You can model the running time of the function as
sum(sum(sum(Theta(1), k=i+1..j),j=i..n),i=1..n)
As
sum(sum(sum(1, k=i+1..j),j=i..n),i=1..n) = 1/6 n^3 - 1/6 n,
the running time is Theta(n^3).
If you do not feel well-versed enough in the underlying theory to directly apply #MohamedEnnahdiElIdri's analysis, why not simply start by testing the code?

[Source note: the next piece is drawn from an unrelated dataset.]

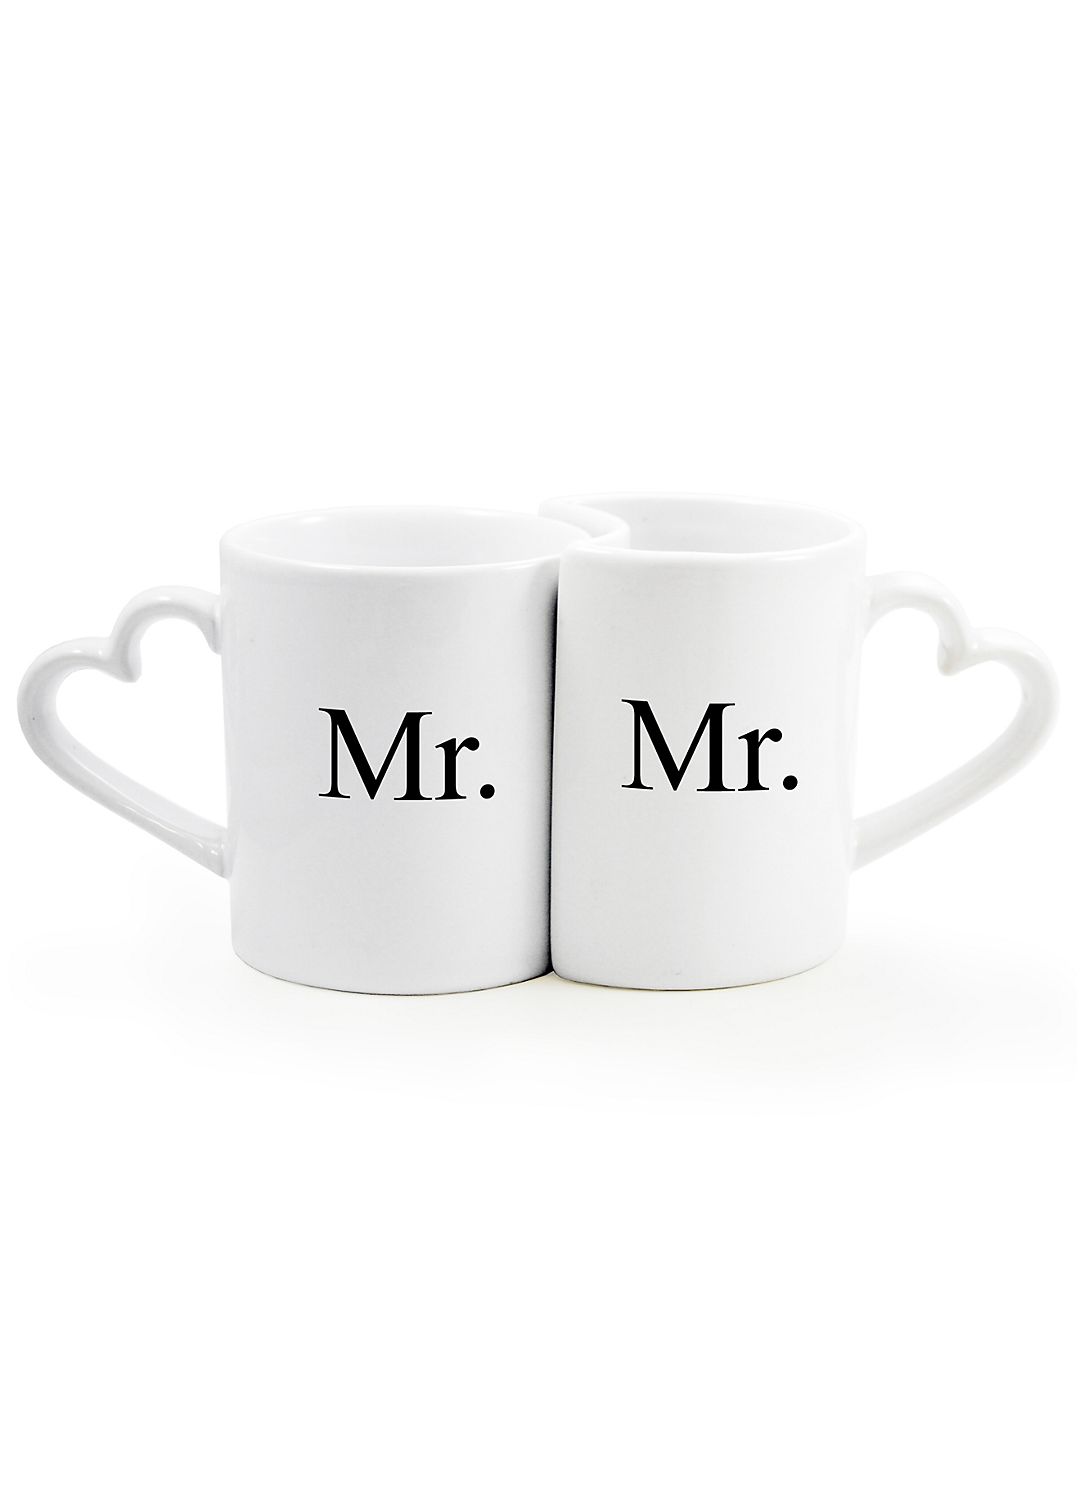 Mr. and Mr. Coffee Mug Set Image 1

Note first that the loop boundaries only depend on the array's length, not its content, so regarding the time complexity, it does not matter what the algorithm does. You might as well analyse the time complexity of
public static long countwhat(int length) {
long count = 0;
for (int i = 0; i < length; i++) {
for (int j = i; j < length; j++) {
for (int k = i + 1; k <= j; k++) {
count++;
}
}
}
return count;
}
Looking at this, is it easier to derive a hypothesis? If not, simply test whether the return value is proportional to length squared or length cubed...

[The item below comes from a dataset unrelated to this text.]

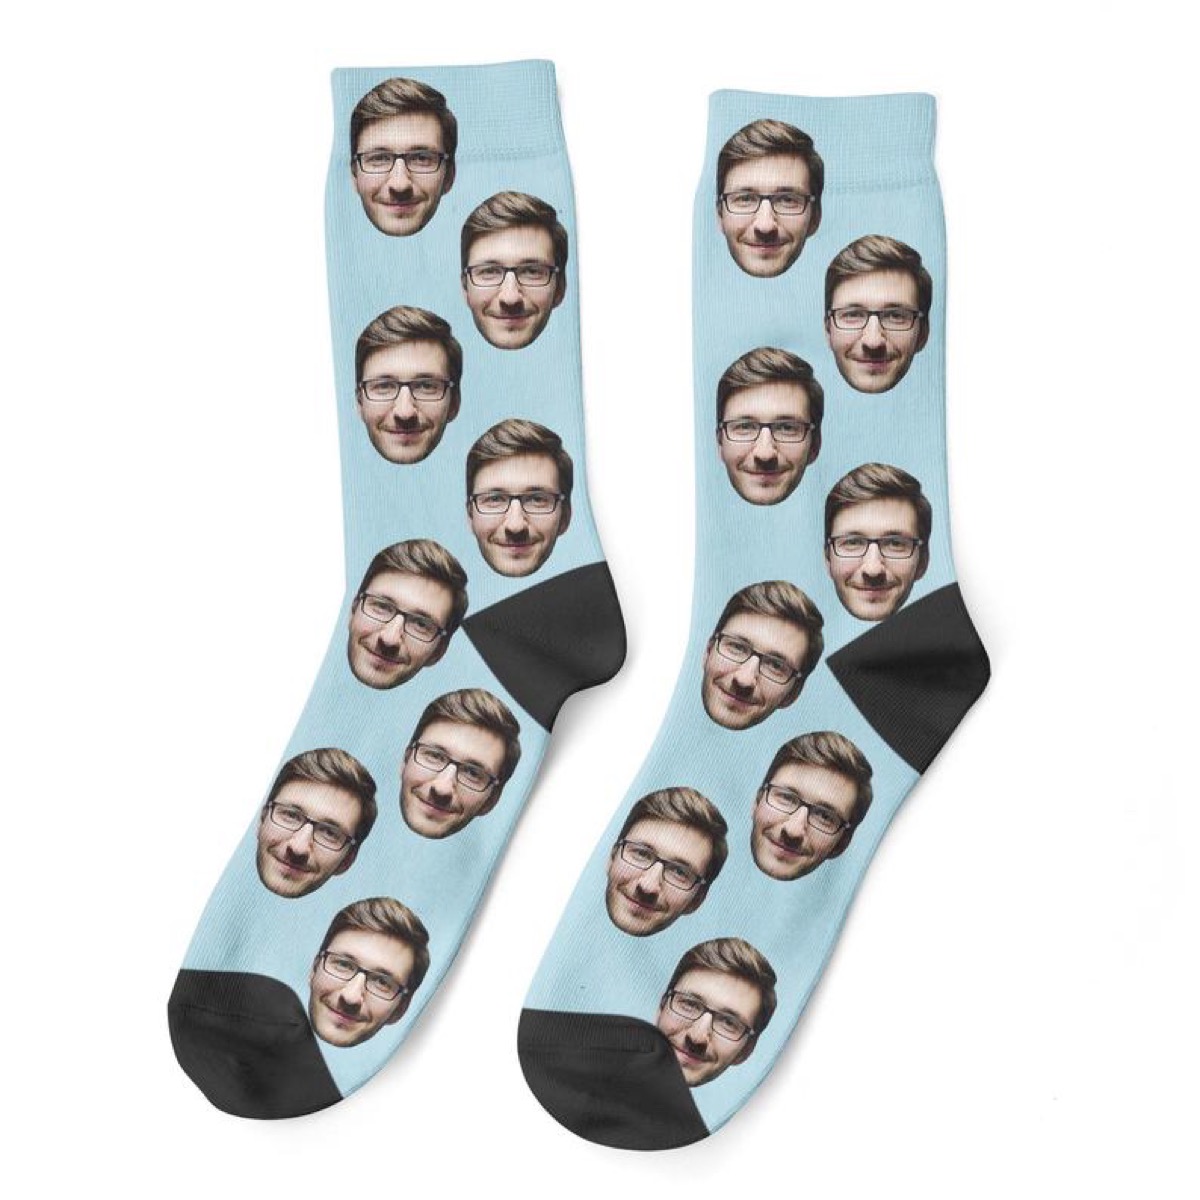 Man's face on custom pair of socks

public static void main(String[] args) {
for (int l = 1; l <= 10000; l *= 2) {
long count = countwhat(l);
System.out.println("i=" + l + ", #iterations:" + count +
", #it/n²:" + (double) count / l / l +
", #it/n³:" + (double) count / l / l / l);
}
}
... and notice how one value does not approach anyconstant with rising l and the other one does (not incidentally the very same constant associated with the highest power of $n$ in the methodological analysis).
This requires O(n^3) time due to the fact that in the three loops, three distinct variables are incremented. That is, when one inside loop is over, it does not affect the outer loop. The outer loop runs as many times it was to run before the inner loop was entered.
And this is the maximum contiguous subarray sum problem. Self-explanatory when you see the example:
{99, 1} => returns 100
{-1, -2, -3} => return -1
{-1, 5, -2} => returns 5
{99, -3, 0, 1} => returns 99
There is an excellent algorithm known as Kadane's algorithm (do google for it) which solves this in O(n) time.
Here it goes:
Initialize:
max_so_far = 0
max_ending_here = 0
Loop for each element of the array
(a) max_ending_here = max_ending_here + a[i]
(b) if(max_ending_here < 0)
max_ending_here = 0
(c) if(max_so_far < max_ending_here)
max_so_far = max_ending_here
return max_so_far
References: 1, 2, 3.
O(n^3).
You have calculated any two item between arr[0] and arr[arr.length - 1], running by "i" and "j", which means C(n,2), that is n*(n + 1)/2 times calculation.
And the average step between each calculation running by "k" is (0 + arr.length)/2, so the total calculation times is C(n, 2) * arr.length / 2 = n * n *(n + 1) / 4, that is O(n^3).
The complete reasoning is as follows:
Let n be the length of the array.
1) There are three nested loops.
2) The innermost loop performs exactly j-i iterations (k running from i+1 to j inclusive). There is no premature exit from this loop.
3) The middle loop performs exactly n-j iterations (j running from i to n-1 inclusive), each involving j-i innermost iterations, in total (i-i)+(i+1-i)+(i+2-i)+... (n-1-i) = 0+1+2... + (n-1-i). There is no premature exit from this loop.
4) The outermost loop performs exactly n iterations (i running from 0 to n-1 inclusive), each involving 0+1+2+ ... (n-1-i) innermost iterations. In total, (0+1+2... n-1) + (0+1+2+... n-2) + (0+1+2+... n-3) + ... (0). There is no premature exit from this loop.
Now how do handle handle this mess ? You need to know a little about the Faulhaber's formula (http://en.wikipedia.org/wiki/Faulhaber%27s_formula). In a nutshell, it says that the sum of integers up to n is O(n^2); and the sum of the sum of integers up to n is O(n^3), and so on.
If you recall from calculus, the primitive of X is X^2/2; and the primitive of X^2 is X^3/3. Every time the degree increases. This is not by coincidence.
Your code runs in O(n^3).